# Maestría en Electrónica?



## Elvic (Jul 23, 2009)

Porque? o que motivos?  tendrías para estudiar una maestría en electrónica. Electrónica de control, automatización, potencia, ciencias digitales, robótica, etc.

Para generar conocimiento para ti mismo.
Para difundir el conocimiento adquirido.
Para obtener beneficio económico.
Porque no tienes nada mejor que hacer.

Gracias por sus respuestas, y espero que se animen a dejar sus comentarios.


----------



## elosciloscopio (Jul 23, 2009)

Me apasiona la electrónica desde que nací, y me encantaría estudiarlo, no para ganar dinero, sinó para 
tener los conocimientos más avanzados posibles, y disfrutar con mis propios experimentos.


----------



## martinvol (Jul 23, 2009)

si estudias por la plata, nunca vas a tener un buen resultado


----------



## elosciloscopio (Jul 23, 2009)

claro. tiene que ser vocación


----------



## Tacatomon (Jul 23, 2009)

Una vez que tienes un buen conocimiento en general en electronico o algo mas especializo, no le veo nada de malo ponerme a dar cursos sabados y domingos por x cantidad de dinero.

No le veo nada de malo.

Saludos.


----------



## rash (Jul 23, 2009)

Cuando estudien no hagan como yo hacia......    

PD: aunque en honor a la verdad haciendo semejantes chuletas terminaba por aprenderme  lo conceptos     

estudiar nos hace libres¡¡¡¡¡¡ estudien todo lo que puedan...       

saludos


----------



## Loktar (Jul 23, 2009)

tacatomon dijo:
			
		

> Una vez que tienes un buen conocimiento en general en electronico o algo mas especializo, no le veo nada de malo ponerme a dar cursos sabados y domingos por x cantidad de dinero.



No se refiere a maestría de maestro para dar clases. Creo que está hablando de maestría como master, un posgrado. Sería bueno también hablar del doctorado.


----------



## saiwor (Jul 23, 2009)

> Una maestría (también llamada máster o magíster)[1] es un grado académico otorgado a aquellos estudiantes que terminan un curso de segundo nivel de posgrado, el cual tiene entre uno y tres años de duración.
> 
> Las maestrías buscan ampliar y desarrollar los conocimientos para la solución de problemas disciplinarios, interdisciplinarios o profesionales, y además dotar a la persona de los instrumentos básicos que la habilitan como investigador en un área específica de las ciencias, de las artes o de las tecnologías, que le permitan profundizar teórica y conceptualmente en un campo del saber.
> 
> http://es.wikipedia.org/wiki/Maestría


----------



## alexus (Jul 23, 2009)

nooo rash! los famosos trencitos!

si sere ***** que los hacia y nunca los usaba, porque al ahcerlos aprendias! jeje

es todo un arte, el resumen, la caligrafia, y sobre todo, el camuflaje!

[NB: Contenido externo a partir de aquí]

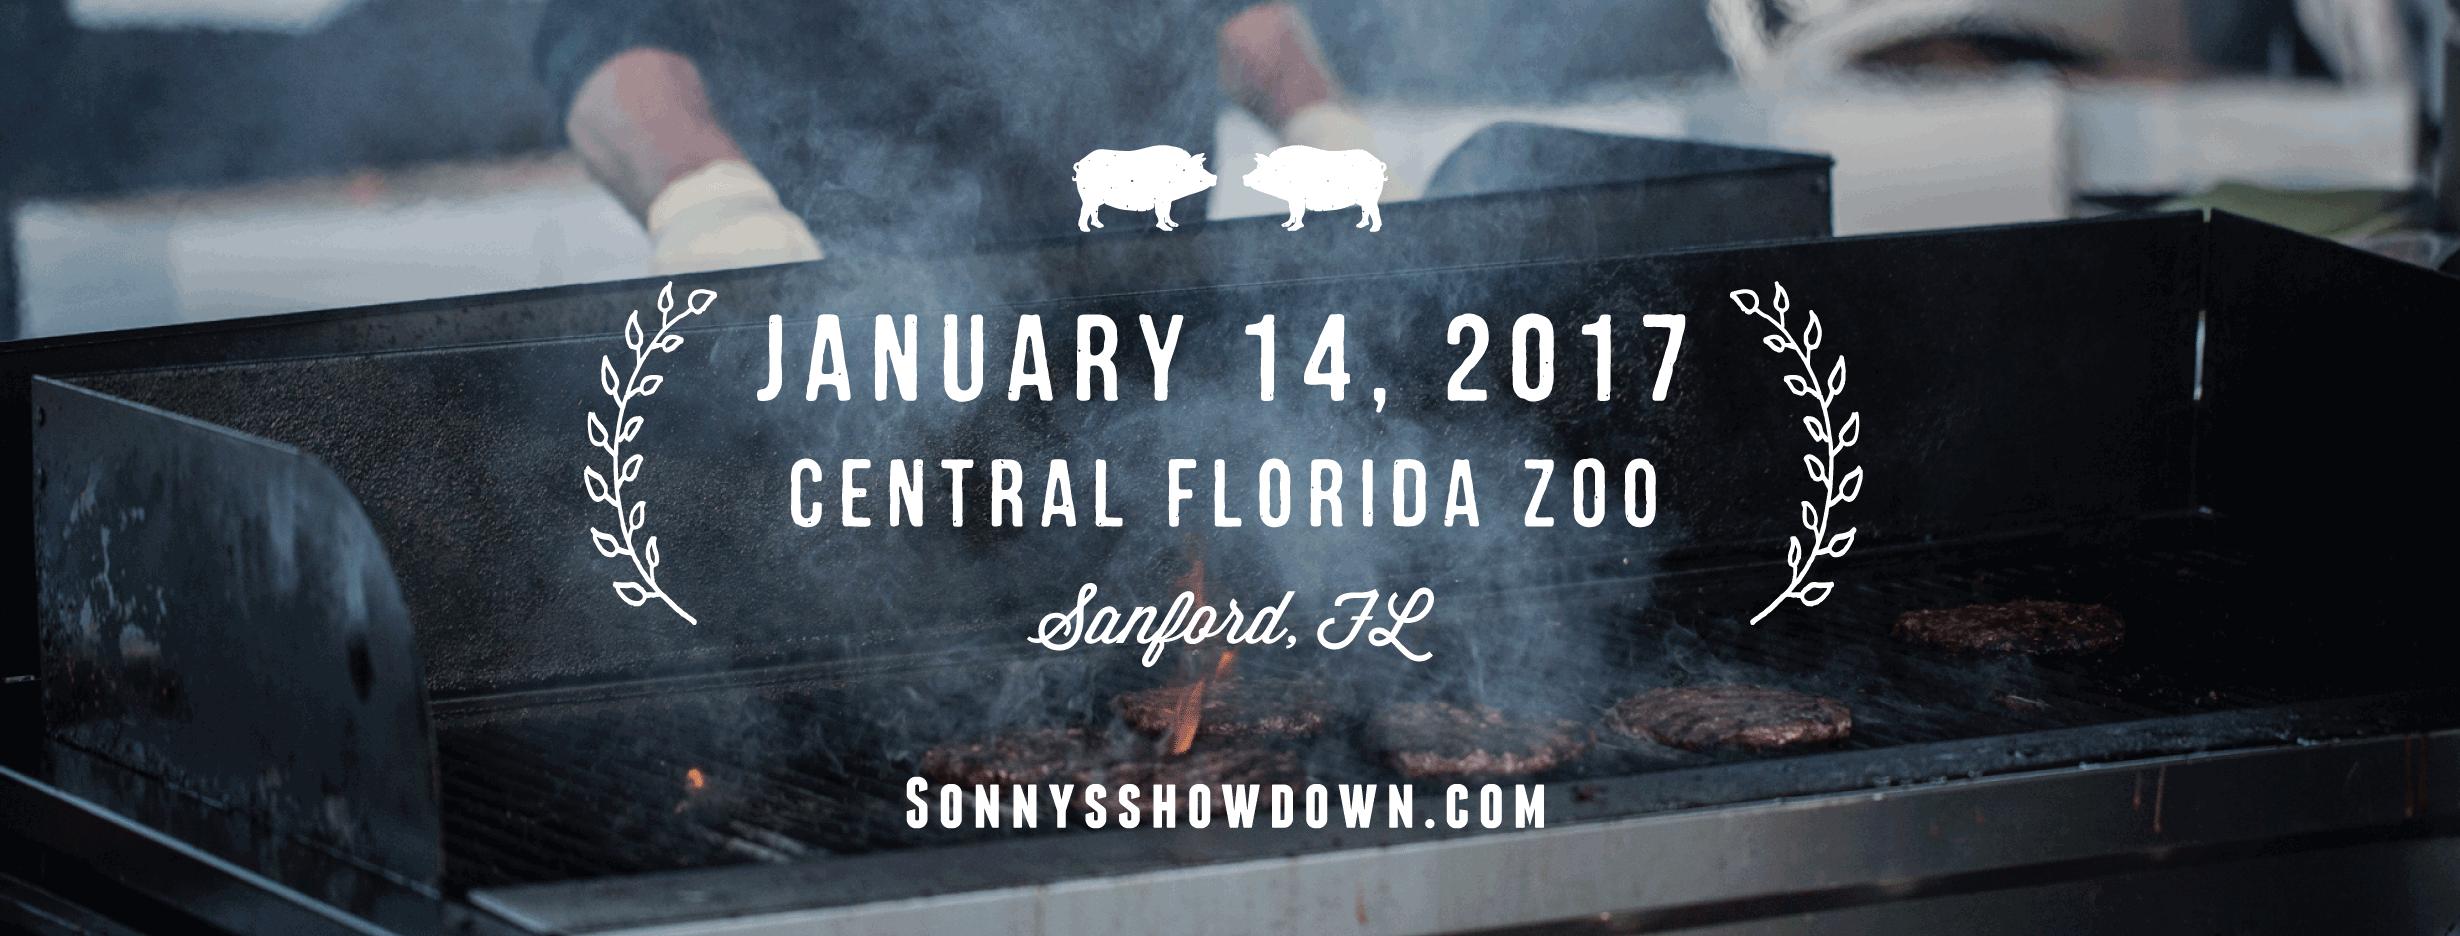 Sonny's Will Host the Showdown Invitational BBQ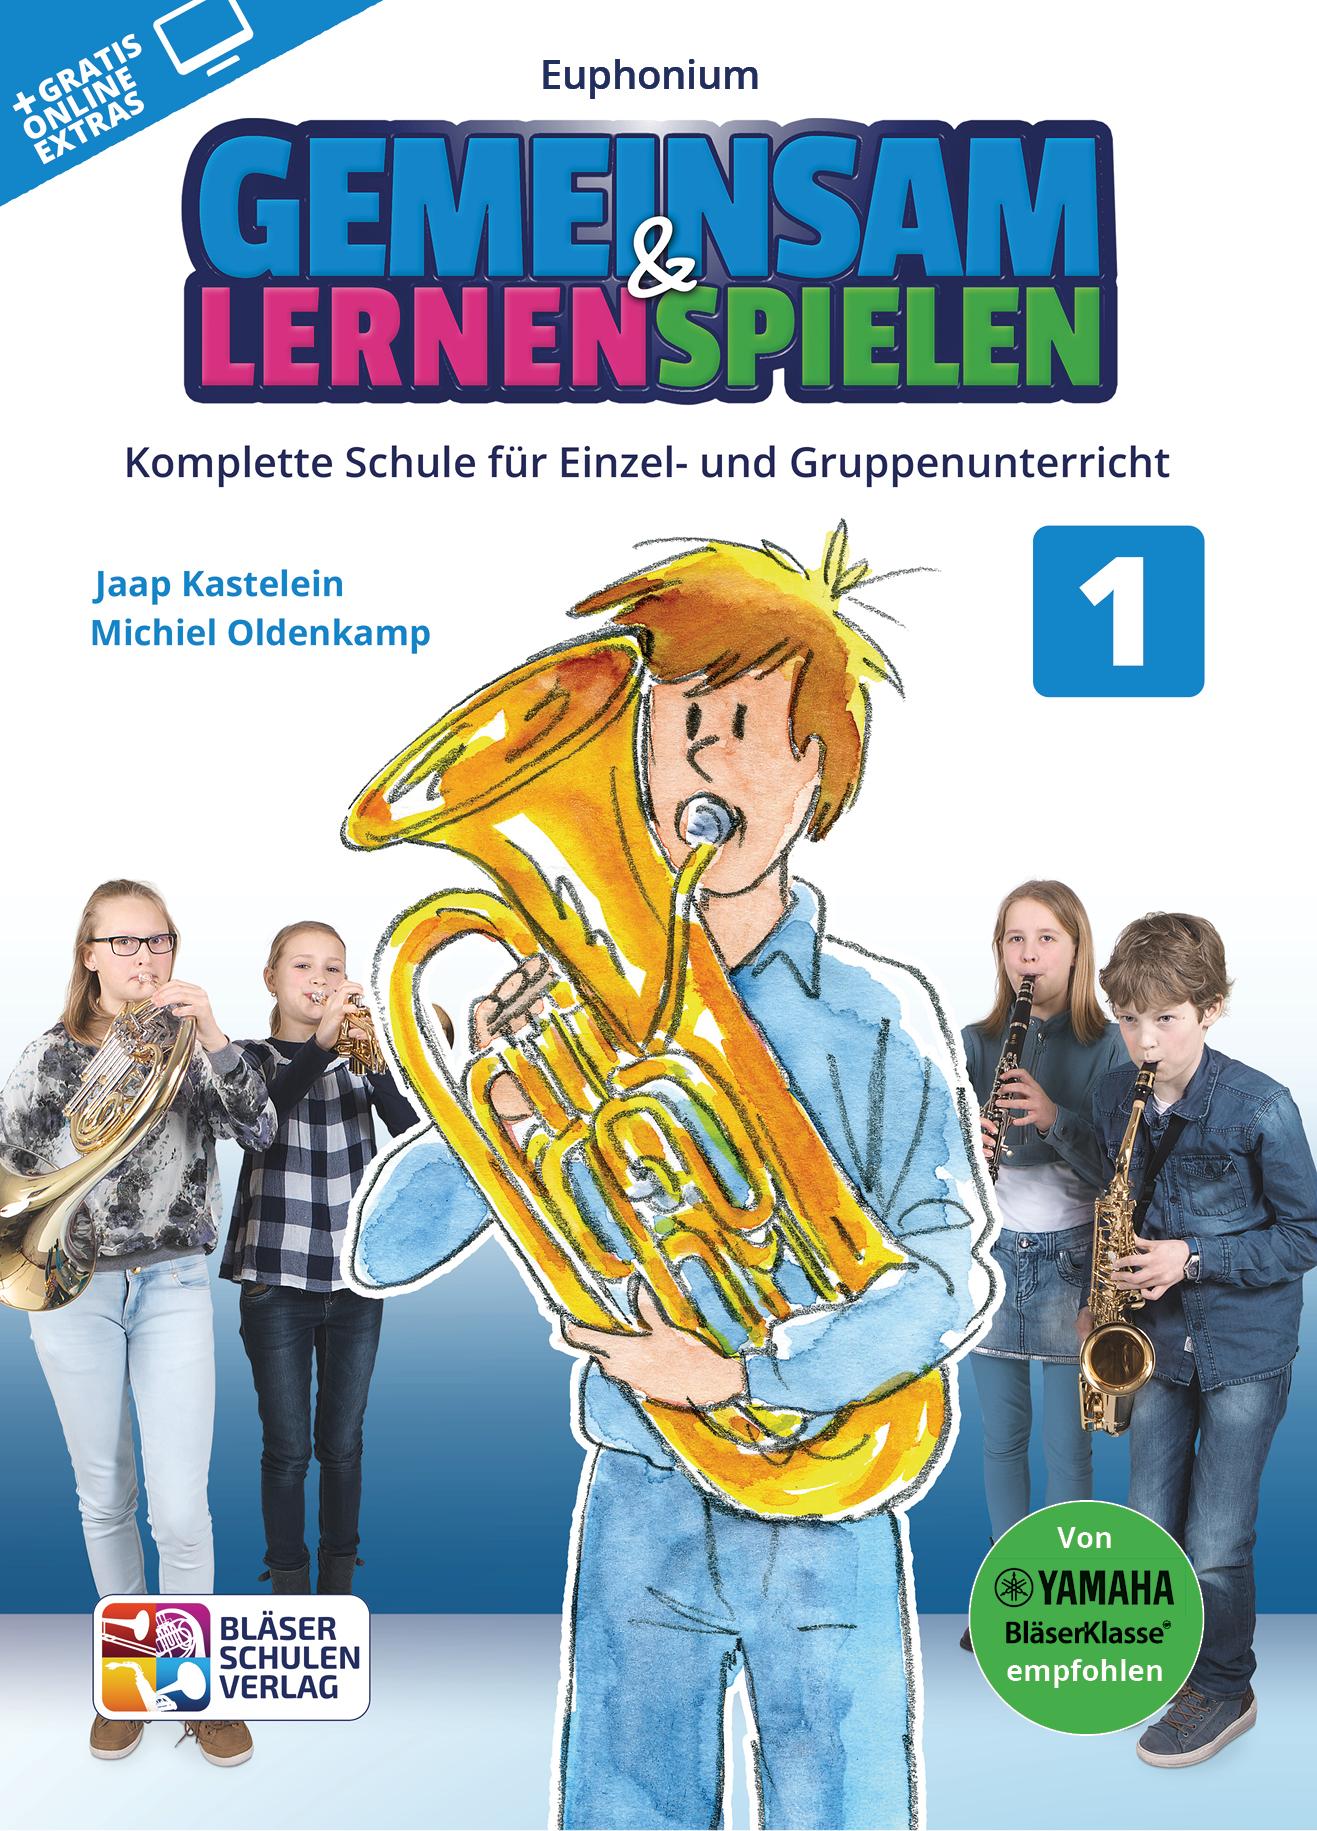 Gemeinsam Lernen & Spielen 1 Euphonium: Euphonium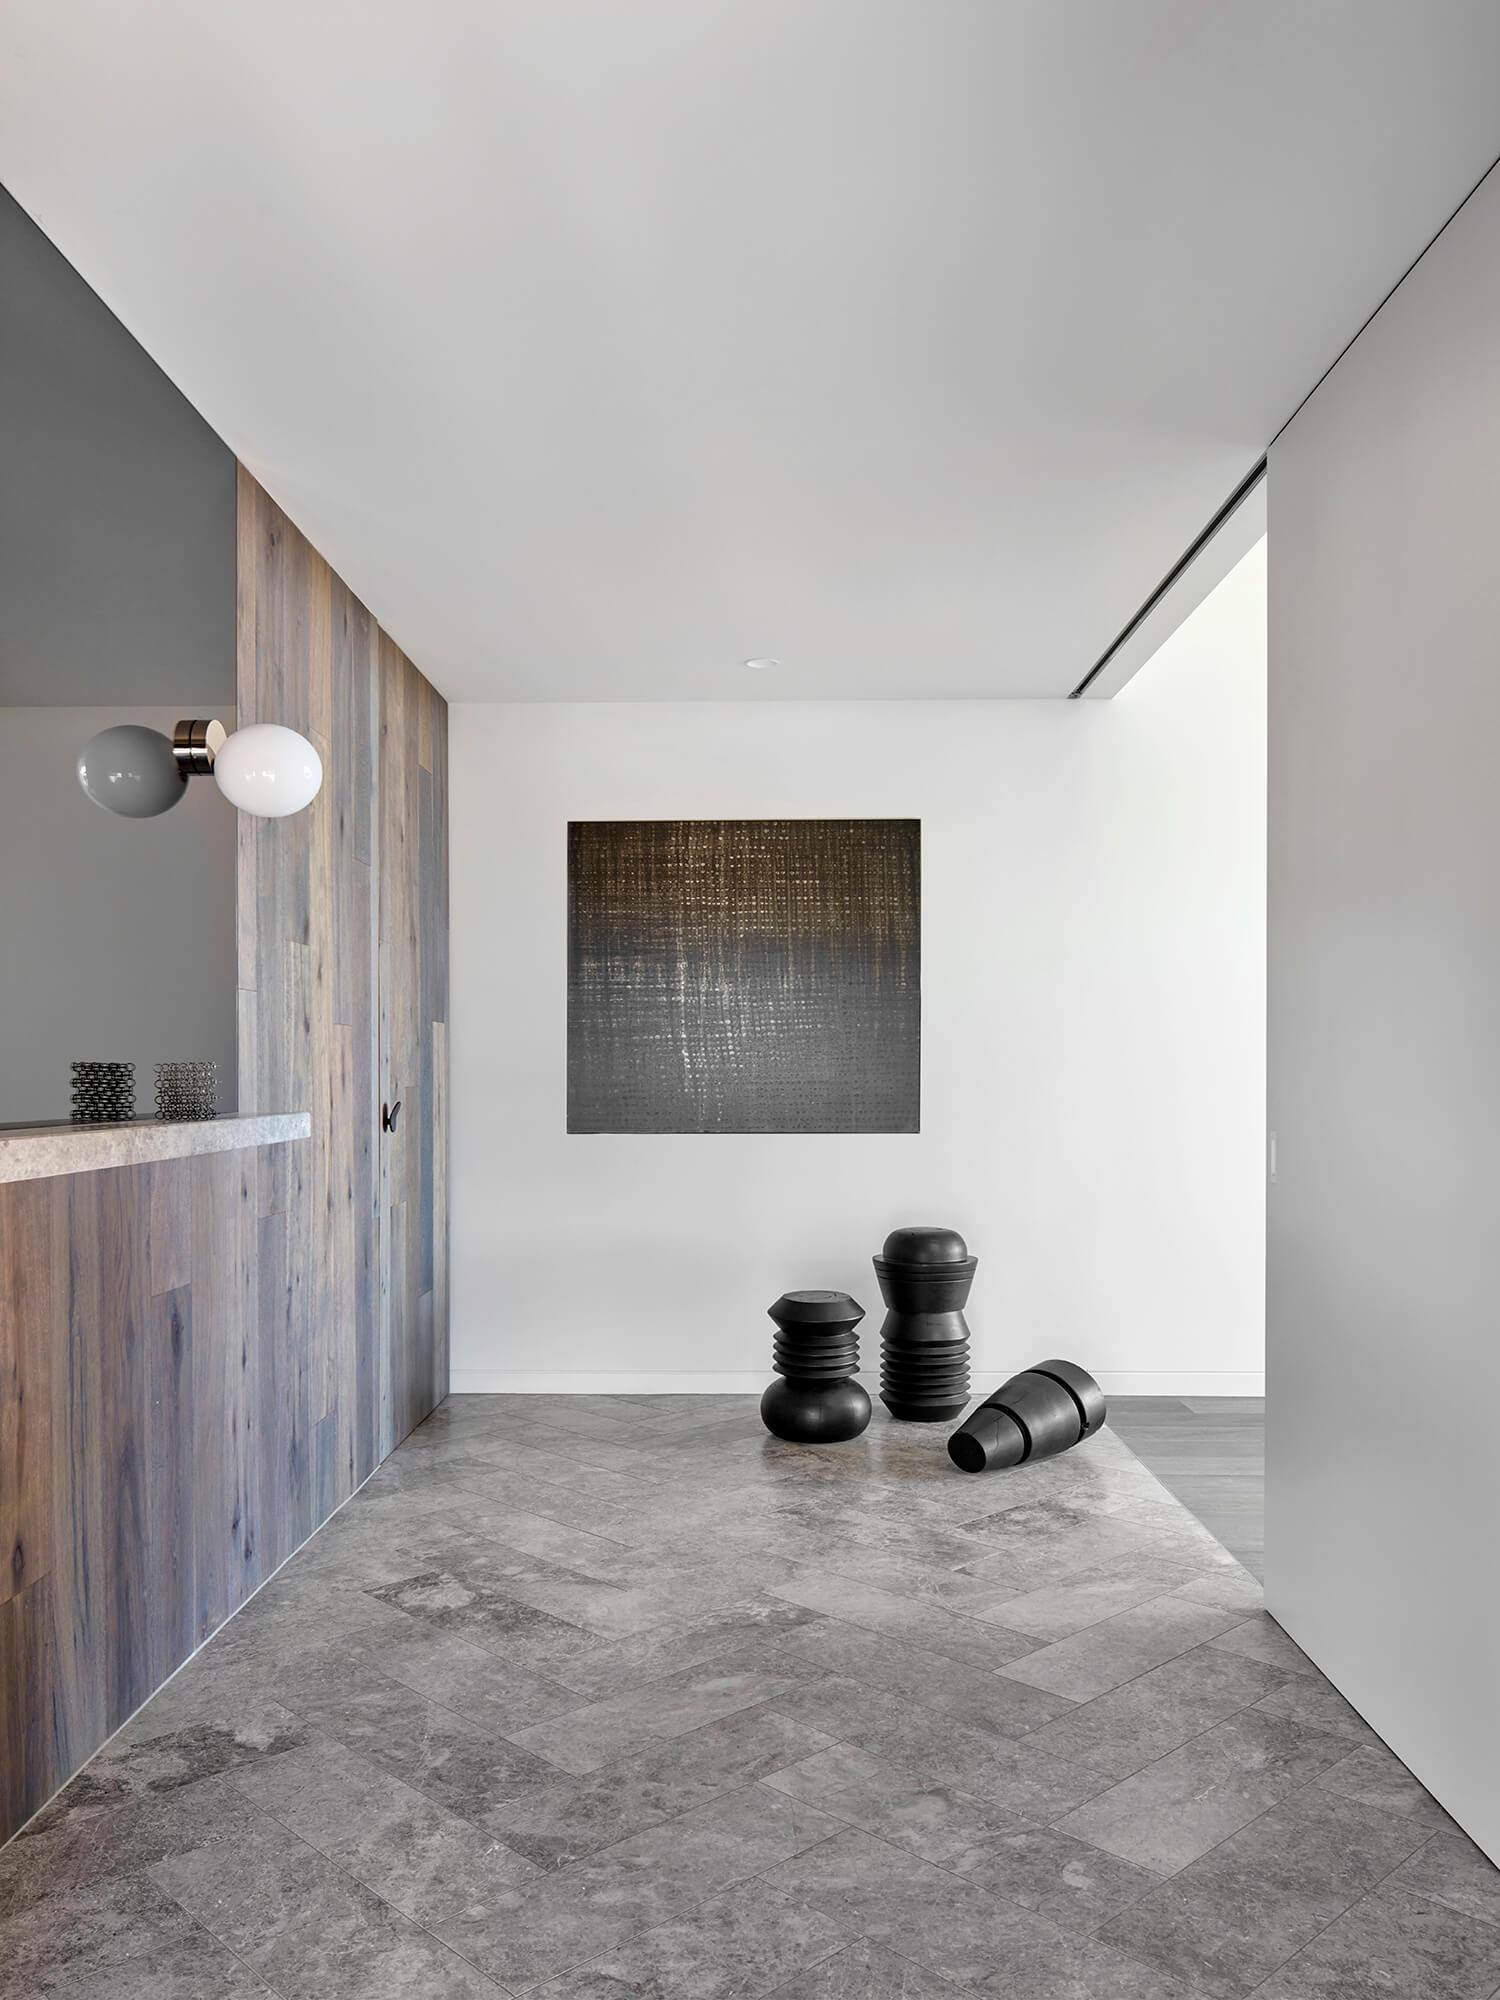 est living interiors Ceres Gable House Tecture 06

yo los hacia en los boletos (ticket´s) del omnibus (colectivo, bus, etc).

no viene al tema pero igual.

la plata es secundario, hay que hacer lo que a uno le guste, no obligado,etc.


----------



## Tacatomon (Jul 23, 2009)

Esos tickets de Bus nunca fallaban, bien guardados, los leías donde quisieras. Lo unico malo era olvidarlos en la camisa cuando esta era lavada...


----------